Ik gaf hun mee dat dit misschien wel hun schatkist kon worden, of hun doos waarin ze alles kunnen steken waar ze fier op zijn, wat gaat om gevoelens, dingen die ze aan papa willen geven...

Wanneer we de kinderen terug tot bij oma brachten, lieten ze deze doos meteen zien. Kijk oma, we hebben bij Ann die doos gemaakt. Mijn schatkist! Er zit een tekening in voor papa,.... Ik merkte dat deze doos toch wat resultaat had. Misschien is dit een manier om hun verdriet wat weg te werken, of hun ‘eigen kunnen’ in te verzamelen. Ik kon aan Elien merken dat ze hier fier op was om Miguel zeker maar niet te vergeten want hij was er ook weg van. Ik moest even op mezelf denken toen ik 6 jaar was en zelf een juwelendoosje kreeg met een dansende ballerina....

Deze doos kan heel wat betekenis krijgen. De kinderen kunnen er van alles in verzamelen. Zo leren ze selecteren wat belangrijk is voor hun, er over praten, hun eigen kunnen waarderen, leren fier zijn op zichzelf, vergelijken: wat zit er in jou doos, dit zit in mijn...
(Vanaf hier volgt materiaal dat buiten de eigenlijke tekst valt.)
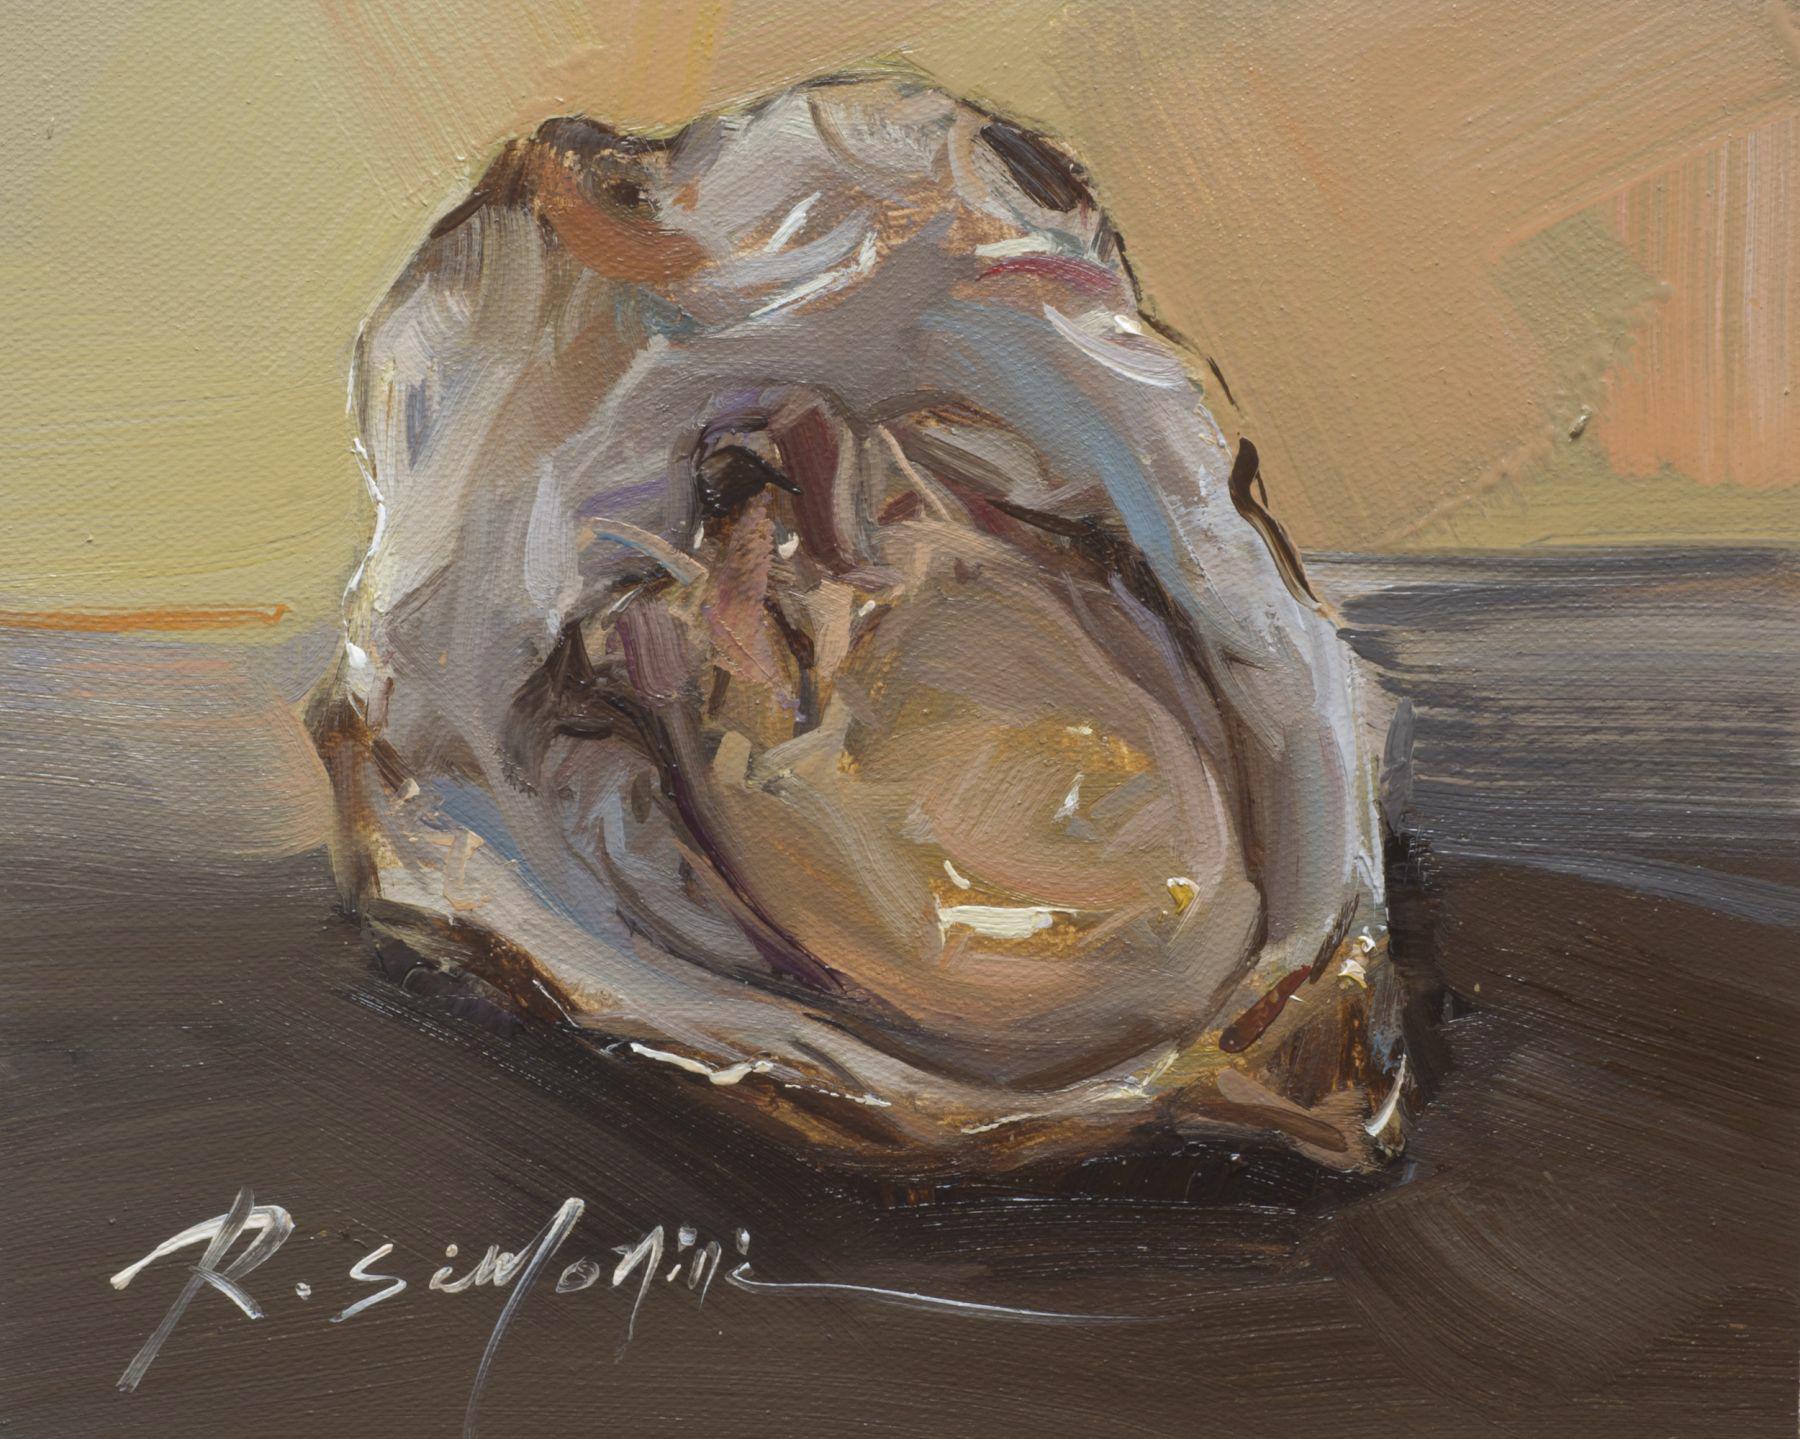 Dieses Gemälde des Künstlers Ray Simonini mit dem Titel "Raw" ist ein 8x10 nautisches Ölgemälde auf Leinwand, das eine Nahaufnahme einer Austernschale vor einem ruhigen, weichen grauen und leuchtend gelben Hintergrund zeigt.

Über den

Een doos kan veel betekenis brengen naar gevoelens (gevoelensdoos), of naar resultaat: dit kan ik al, dit is belangrijk voor mij... Een leerdoos.

Mijn leerresultaat:
- Een kind kan op zijn eigen manier dingen selecteren en bewaren naar gelang wat het voor hun betekent.
- Ze vertellen graag wat er inzit en tonen dit ook graag.
- Ook andere personen kunnen de inhoud van de doos bekijken en bewonderen.
- Wat bij Miguel en Elien me sterk opvalt is met wat ze bezig zijn (een tekening voor papa, of een boze tekening, een tekening van Miguel en Elien, Ann en Kim: dingen die voor hun belangrijk en betekenis hebben.
- Miguel en Elien vergelijken hun doos met elkaar, zo leren ze elkaar beter kennen maar ook zichzelf. Dit is ook goed om in de klas met de kleuters te doen.
- Zoals in het filmpje terug te zien is, je kan op allerlei manieren omgaan met zo’n doos, de kleuters de doos laten meenemen naar huis en er wat instoppen, maar ze evengoed een voorwerp/tekening.. mee nemen naar de klas en het is de klas vertellen.

Leerplandoelen:
Basisattitudes:
0.4 Kinderen leven waardengericht, dit betekent dat ze hun waarnemingen, ervaringen en handelingen toetsen aan waarden als genegenheid, goedheid, respect, eerlijkheid... maar ook dat hun verontwaardiging uiten telkens ze worden geconfronteerd met een infreuk op één of meer van die waarden.
0.8 Kinderen ontwikkelen tot autonome leerders, dit betekent dat ze zelf kunnen initiatief nemen, creatief zijn, dat ze zelf manieren zoeken om zich te uiten.

Mens en medemens:
4.1 Kinderen ontwikkelen een gedifferentieerd beeld van zichzelf, dat houdt in dat ze ervaren, vaststellen en uiten welke mogelijkheden en beperkingen zijzelf hebben, maar ook dat ze kunnen inschatten welke taken ze aankunnen en met welke taken ze moeilijkheden hebben.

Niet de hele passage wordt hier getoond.